Work task: Pictures appear among the records below and must be omitted. Repeat exactly the lines from the line with "Class KR 条件付き送料無料" to the line with "Nad wodospadem Dettifoss, Islandia, jak", both included.

──────── Dataset content

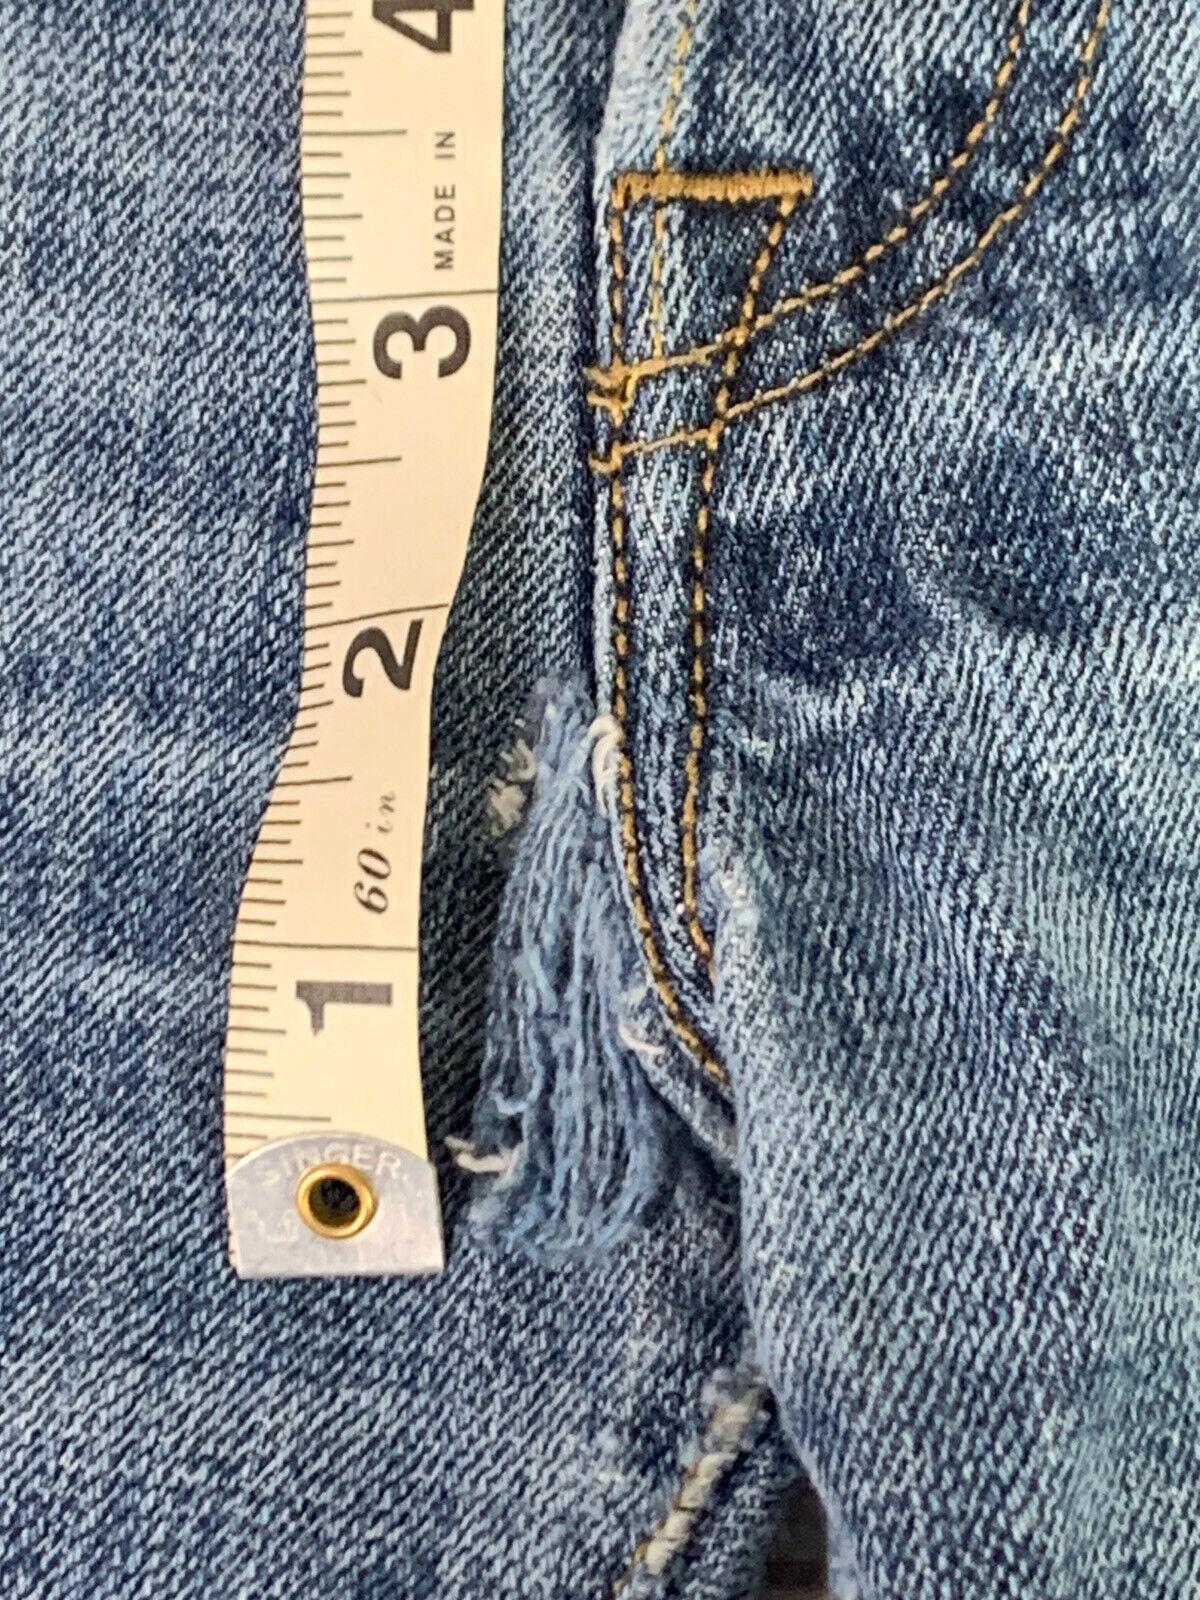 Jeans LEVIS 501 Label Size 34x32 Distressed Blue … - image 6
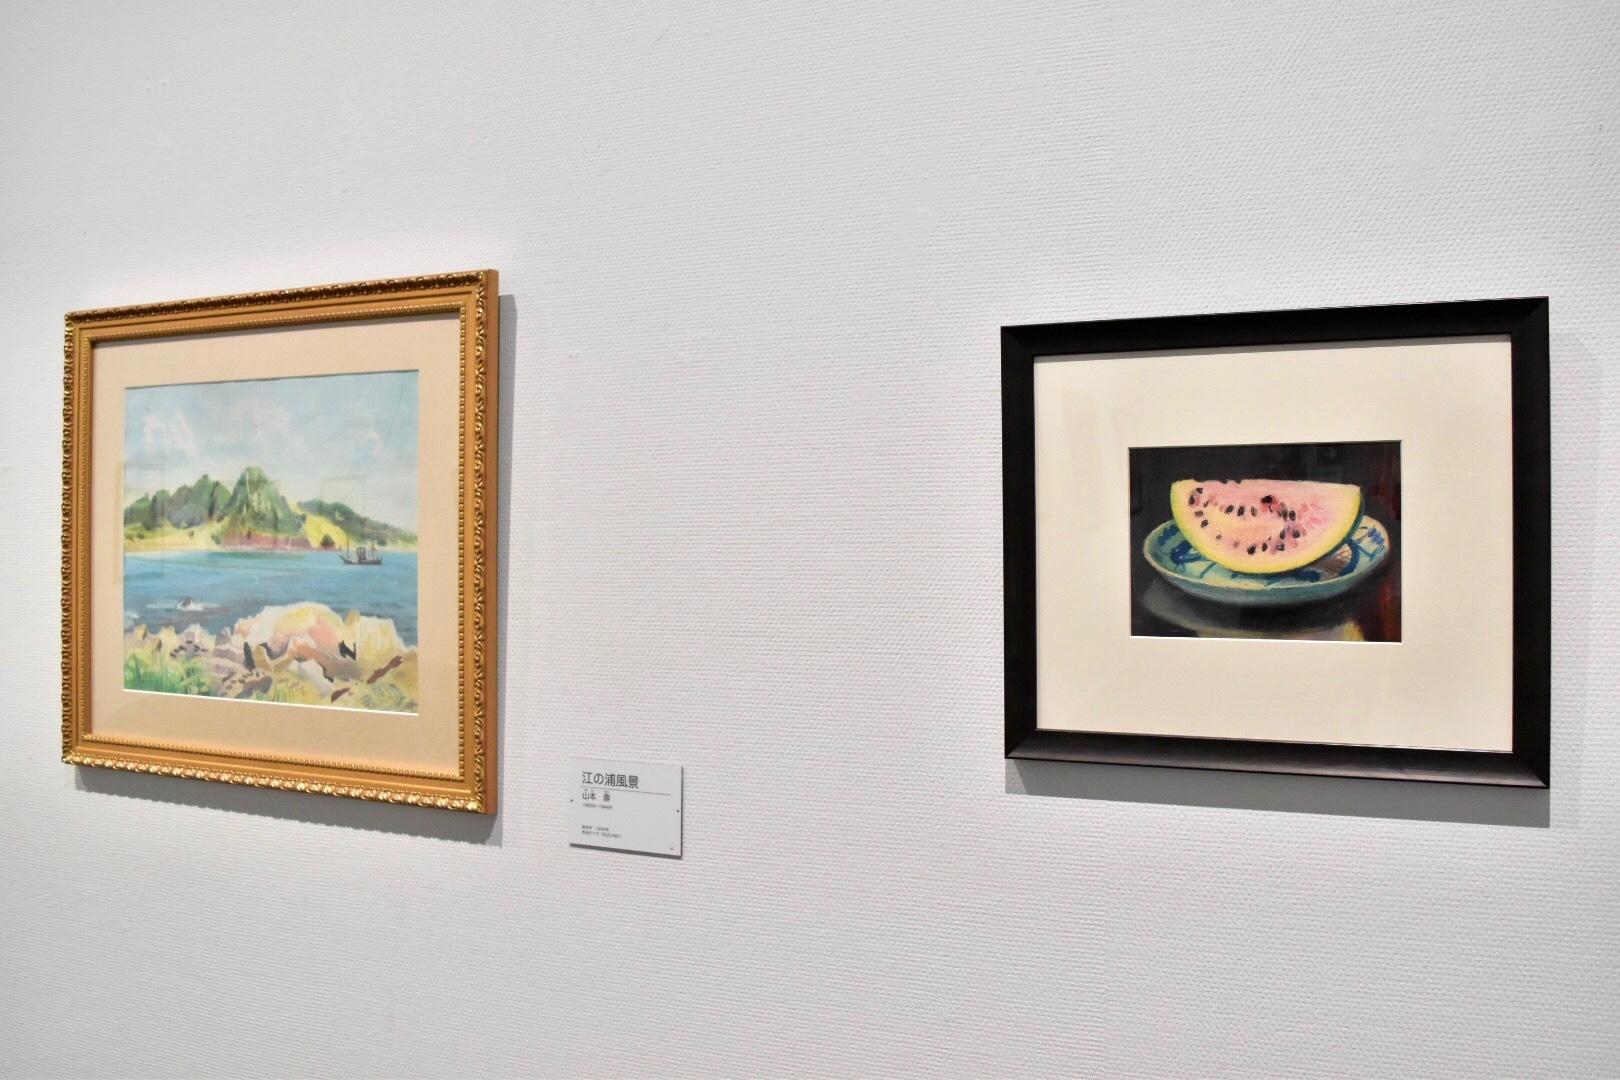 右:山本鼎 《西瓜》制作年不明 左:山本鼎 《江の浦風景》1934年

────────────────
──────── Dataset content

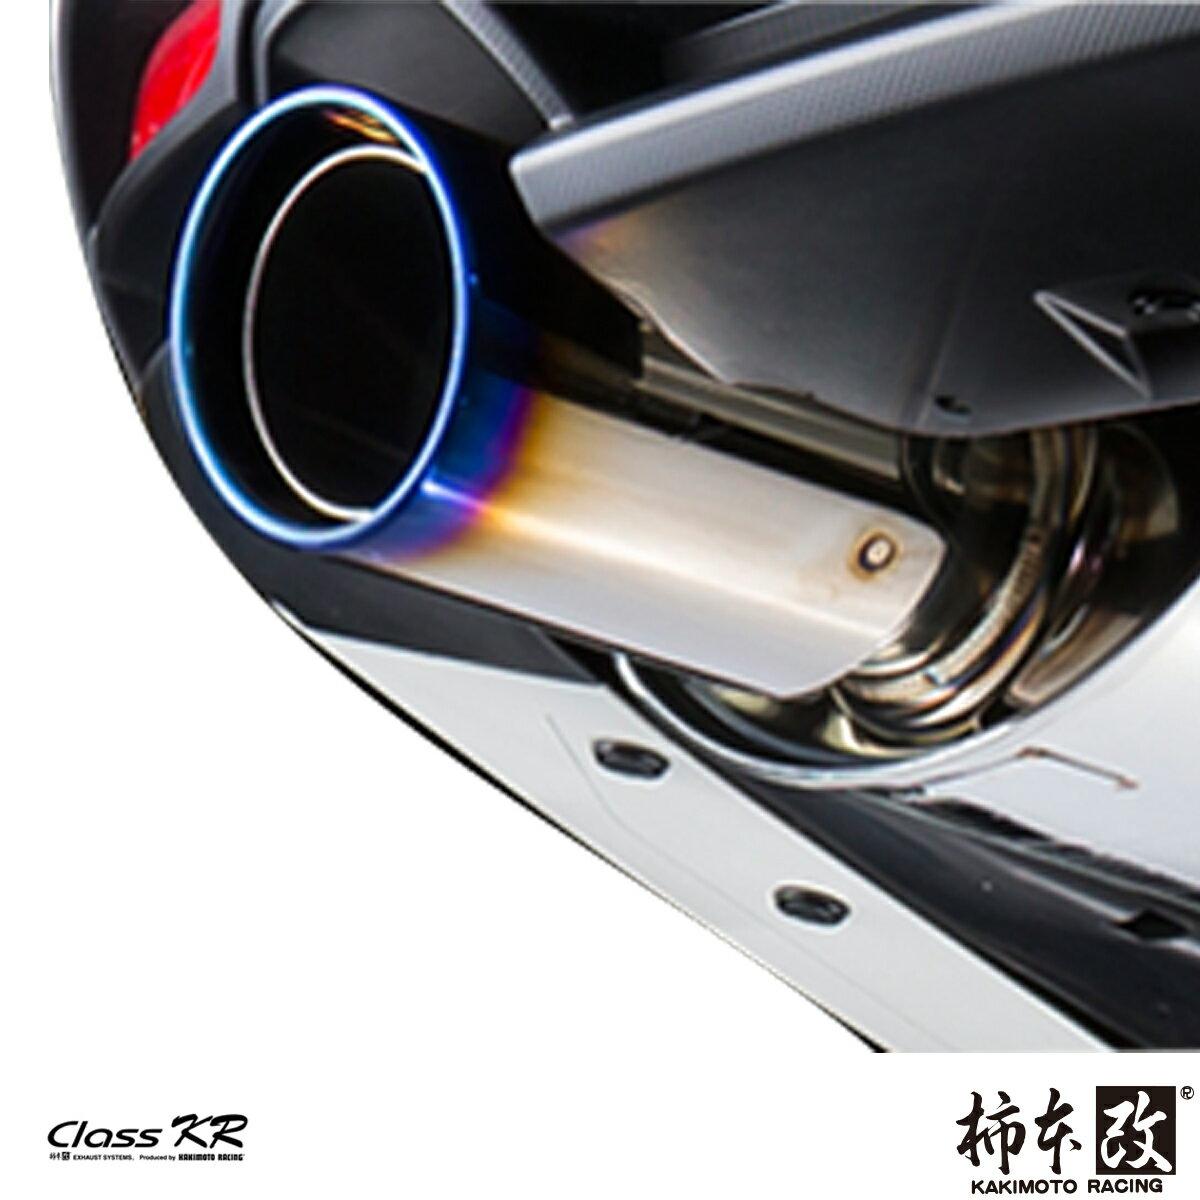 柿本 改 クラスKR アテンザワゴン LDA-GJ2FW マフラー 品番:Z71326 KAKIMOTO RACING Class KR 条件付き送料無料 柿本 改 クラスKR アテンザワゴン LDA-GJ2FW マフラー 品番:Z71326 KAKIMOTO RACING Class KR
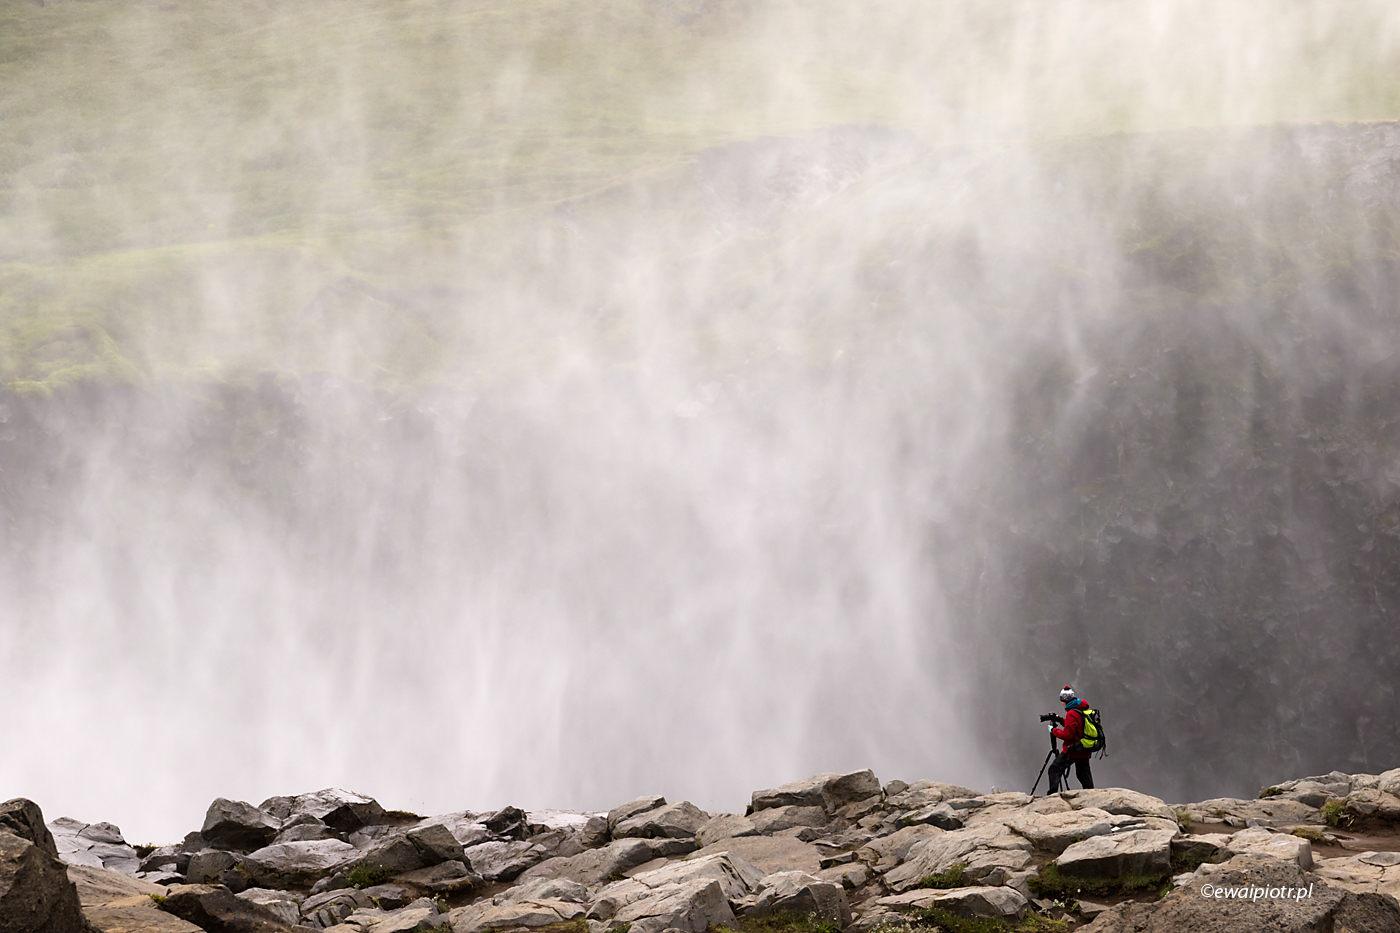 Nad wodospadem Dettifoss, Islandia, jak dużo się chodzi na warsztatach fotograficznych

────────────────

Response area:
 柿本 改 クラスKR アテンザワゴン LDA-GJ2FW マフラー 品番:Z71326 KAKIMOTO RACING Class KR 条件付き送料無料 柿本 改 クラスKR アテンザワゴン LDA-GJ2FW マフラー 品番:Z71326 KAKIMOTO RACING Class KR
 Nad wodospadem Dettifoss, Islandia, jak dużo się chodzi na warsztatach fotograficznych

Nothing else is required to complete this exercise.